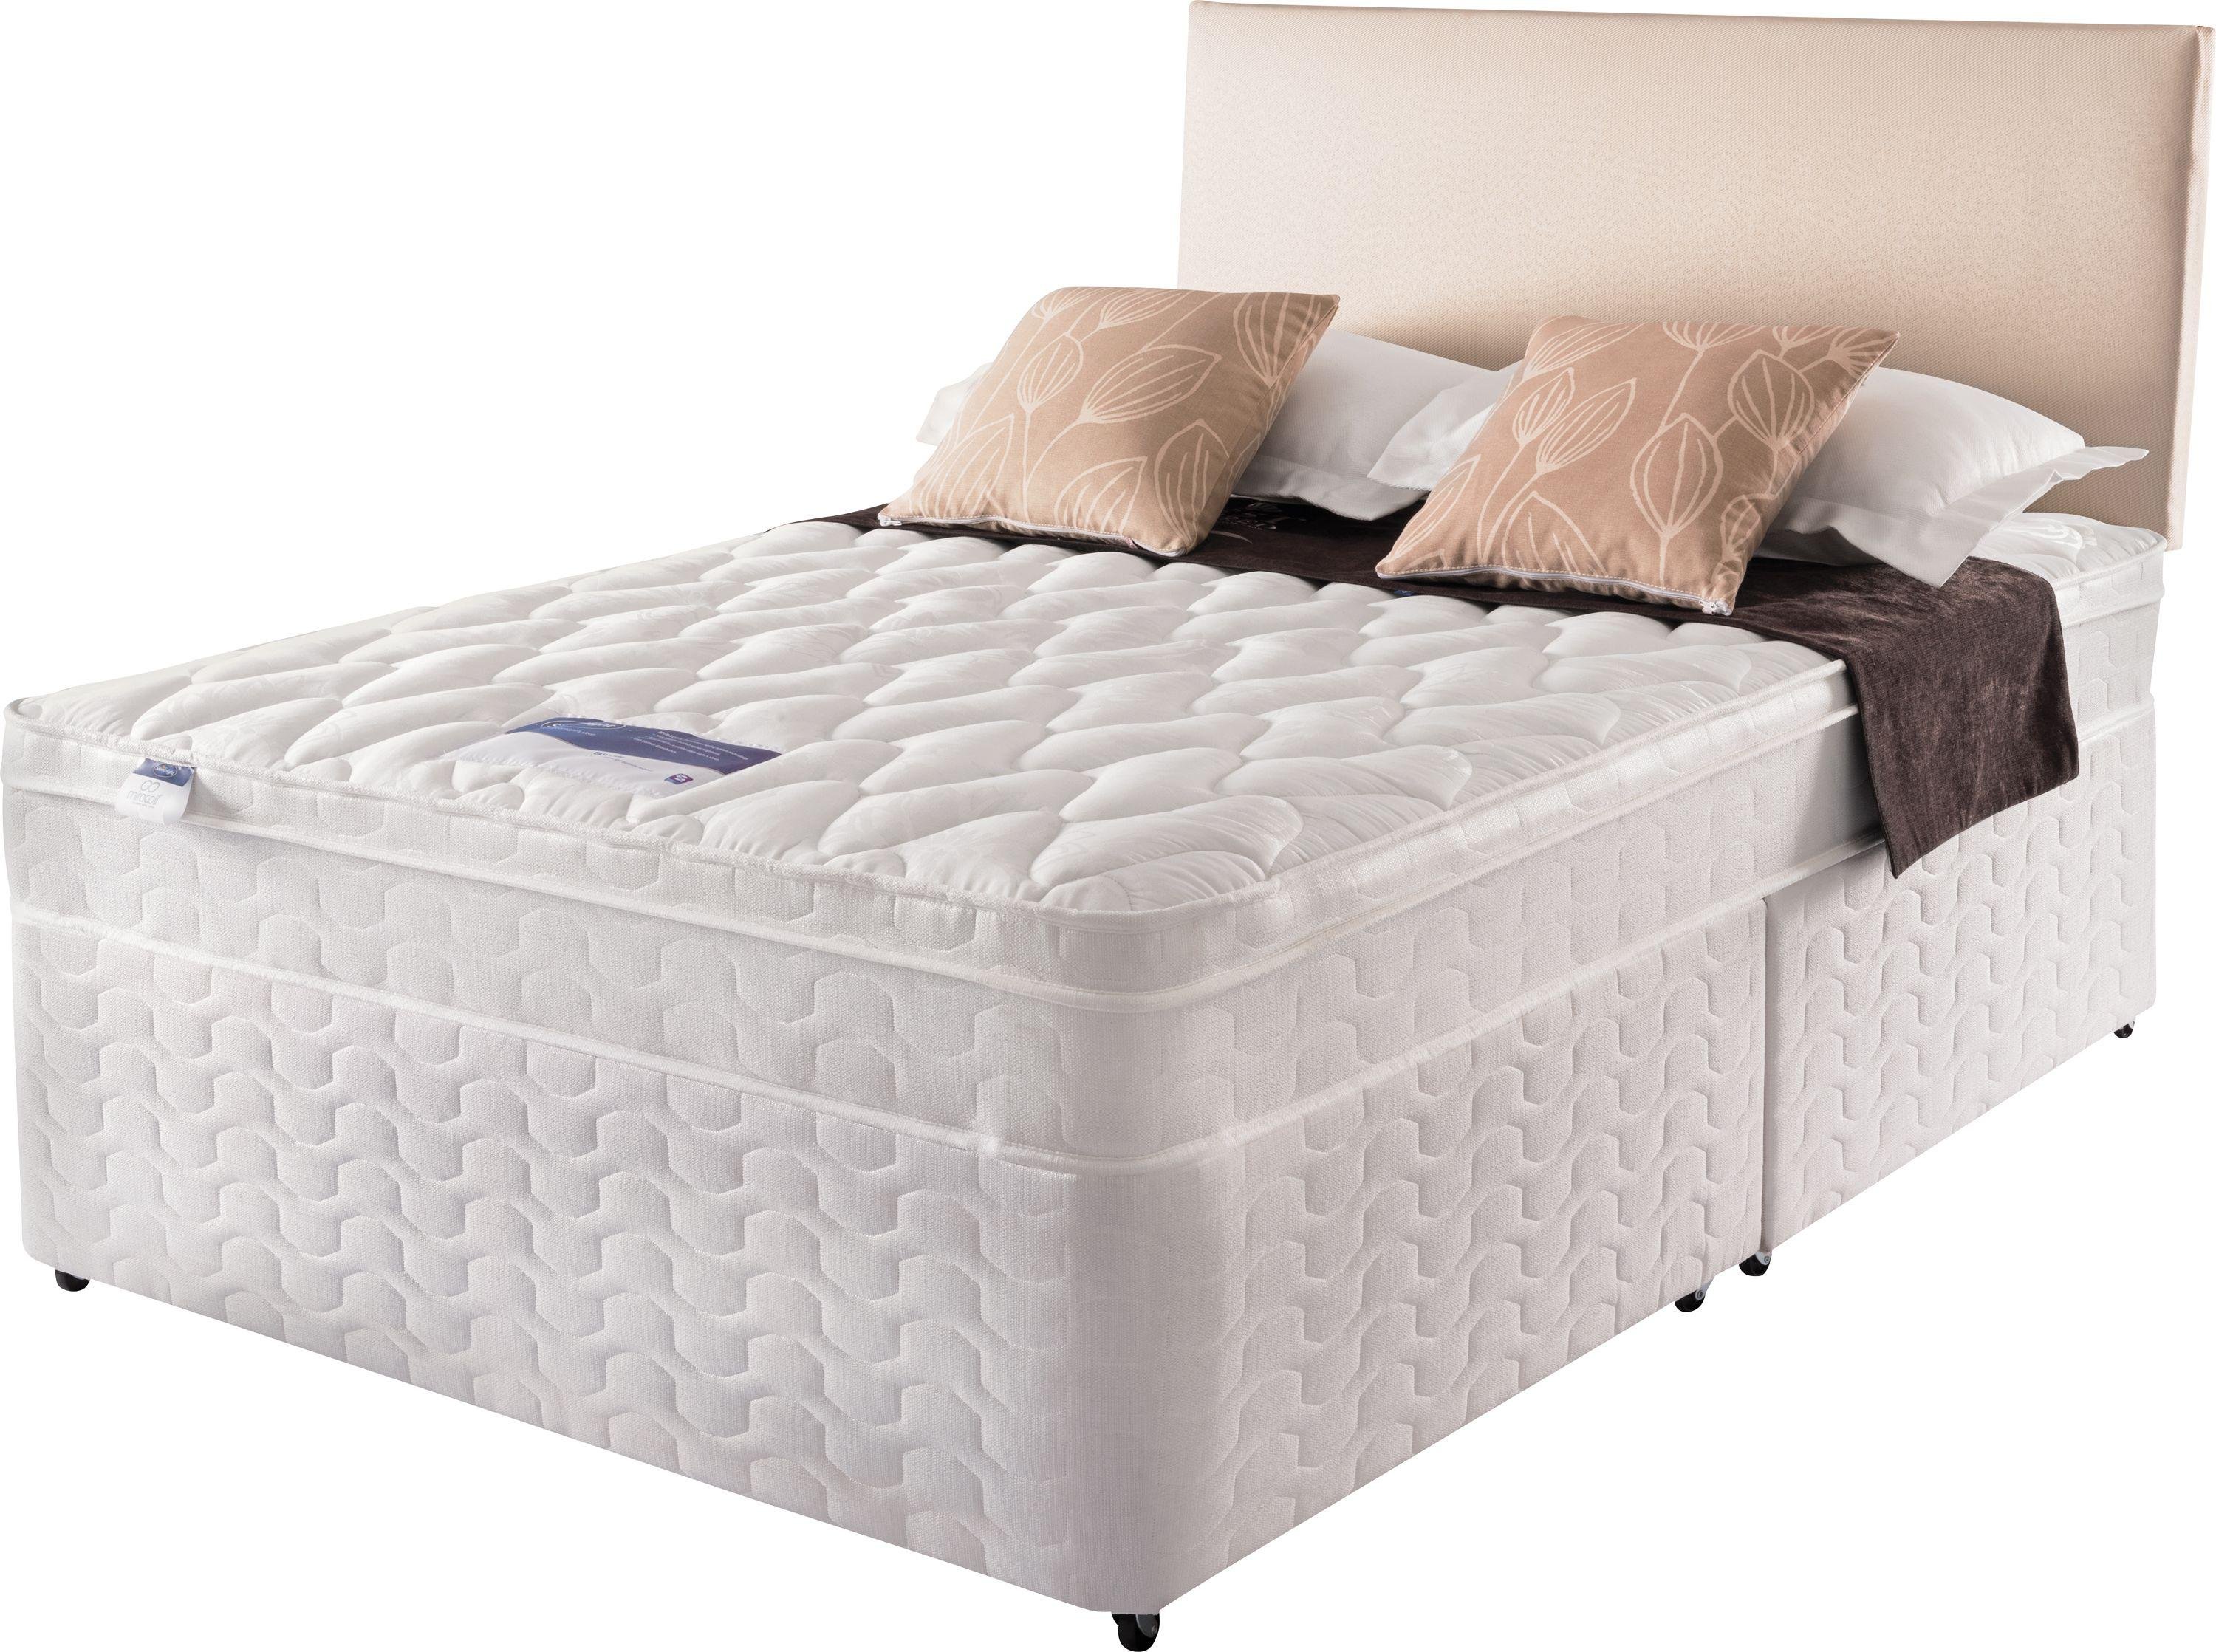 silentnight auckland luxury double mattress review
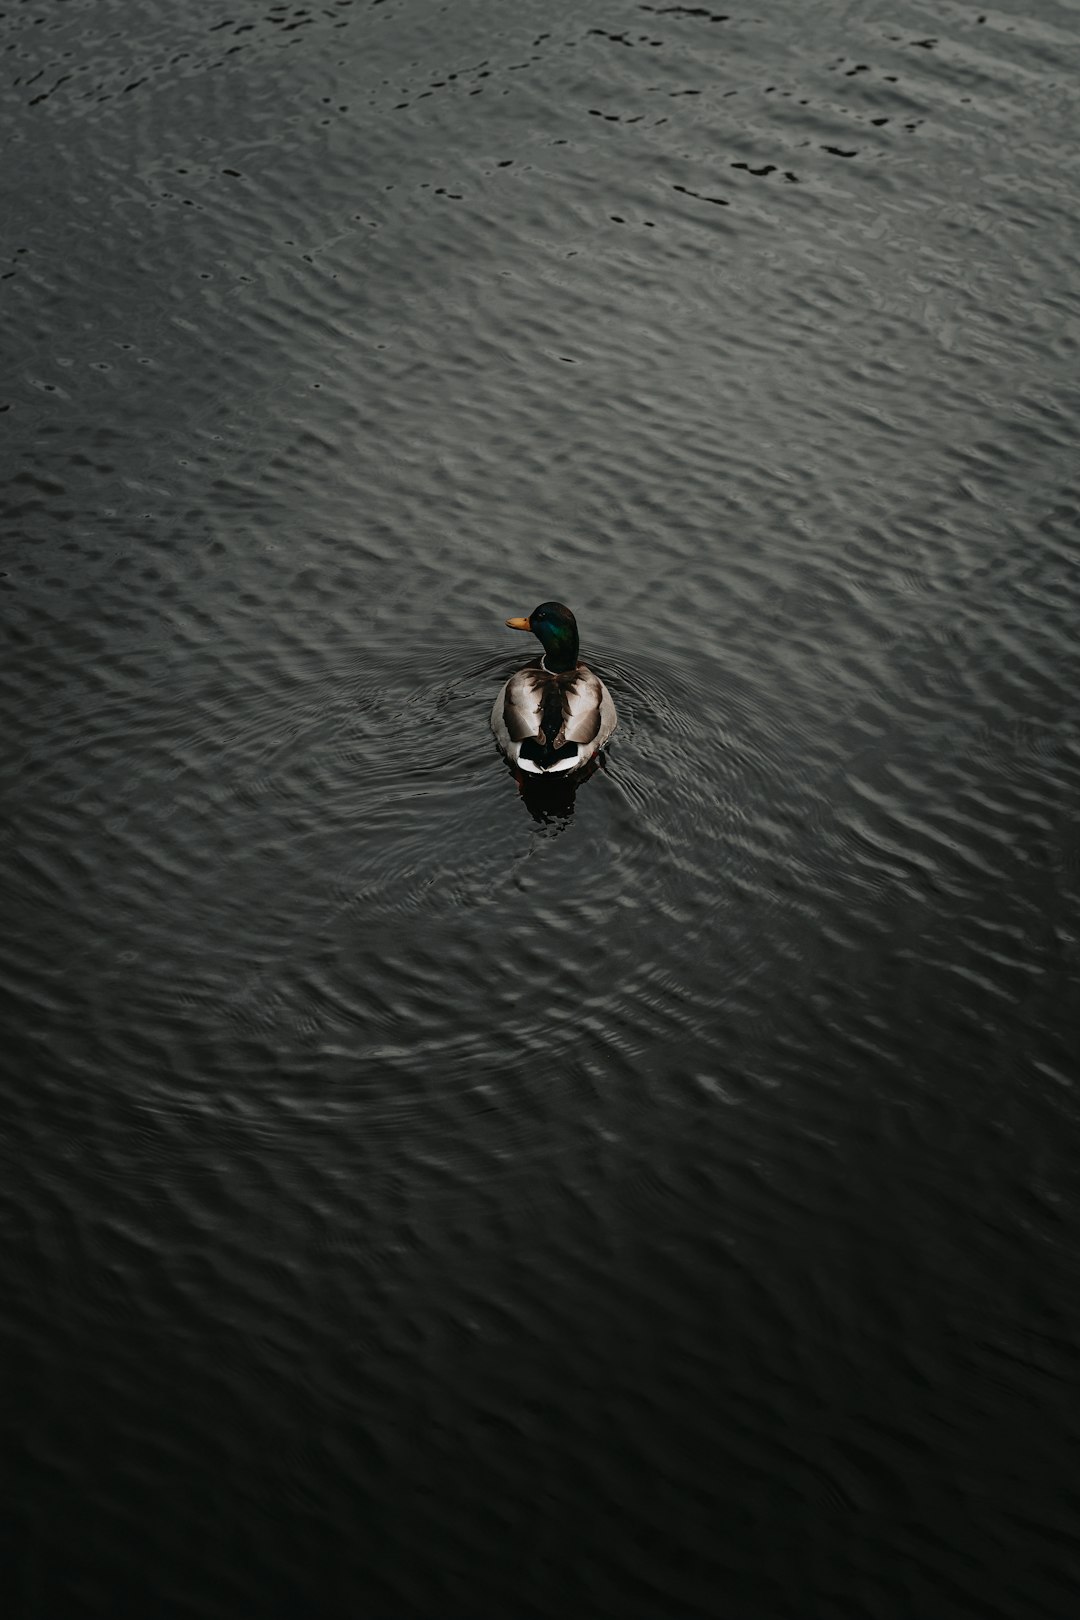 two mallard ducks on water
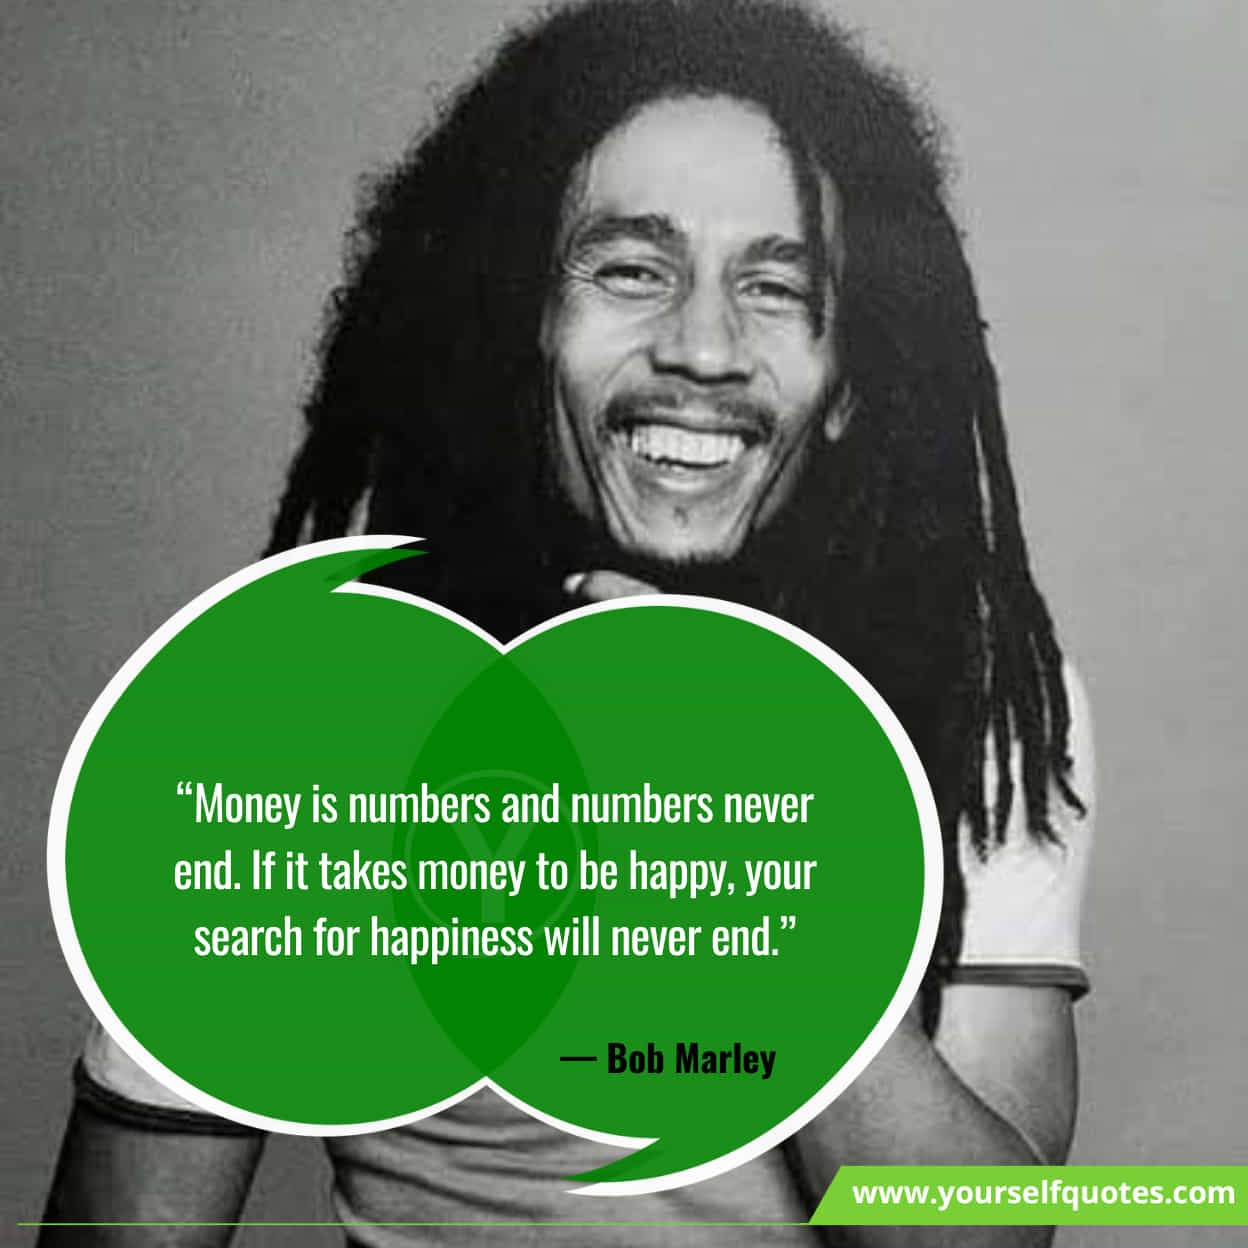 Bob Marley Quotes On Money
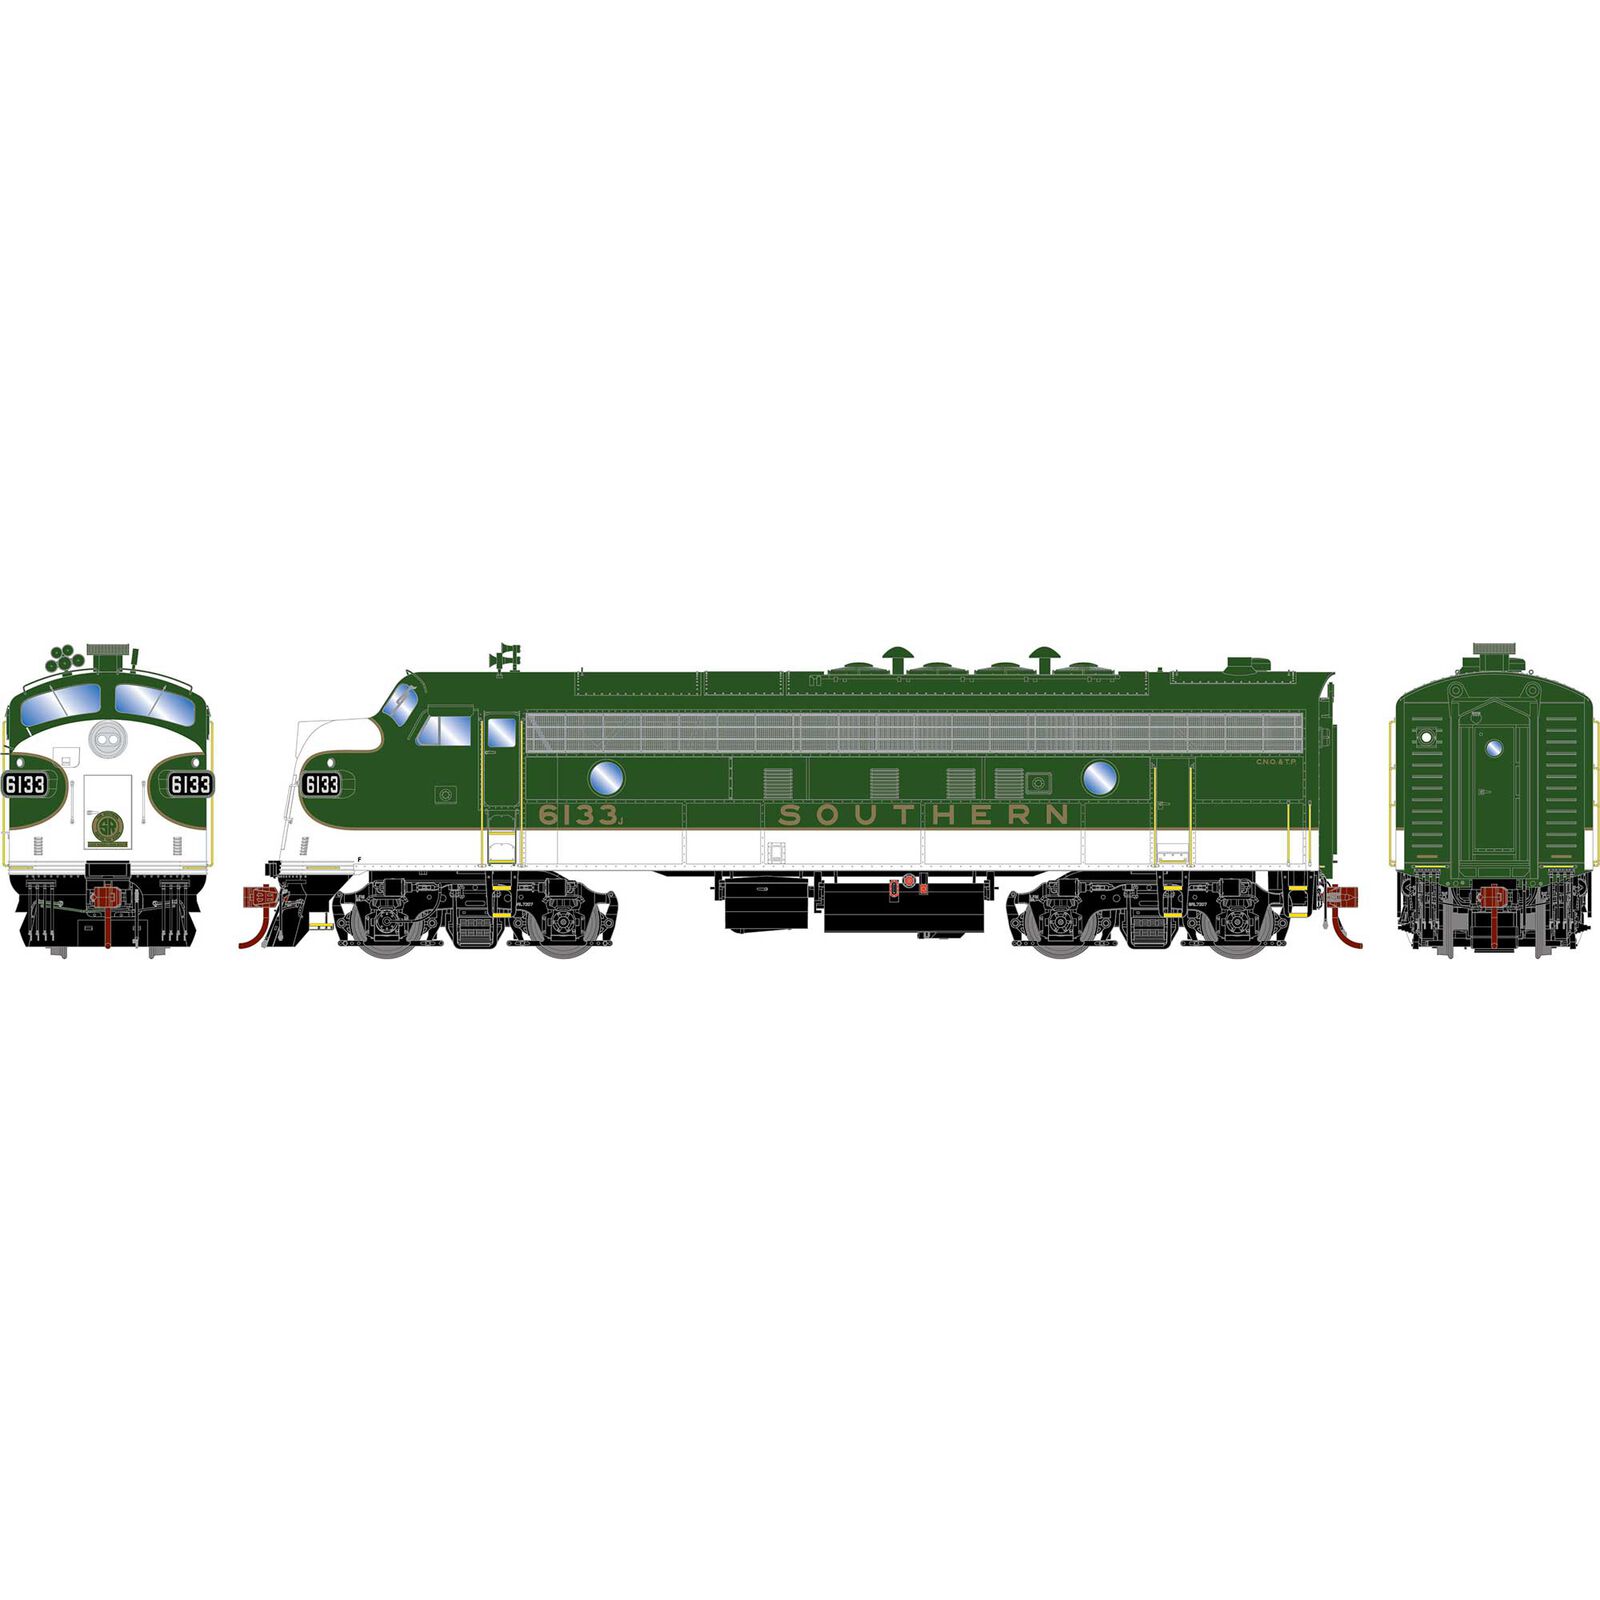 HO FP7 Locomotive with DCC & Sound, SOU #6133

> EXERCISE PROMPT: Output exactly the lines from the one that has "two mallard ducks on water" through the end of the data. Do not include pictures.

> SOLVED EXERCISE:
 two mallard ducks on water
 Bob Marley Quotes On Money
 HO FP7 Locomotive with DCC & Sound, SOU #6133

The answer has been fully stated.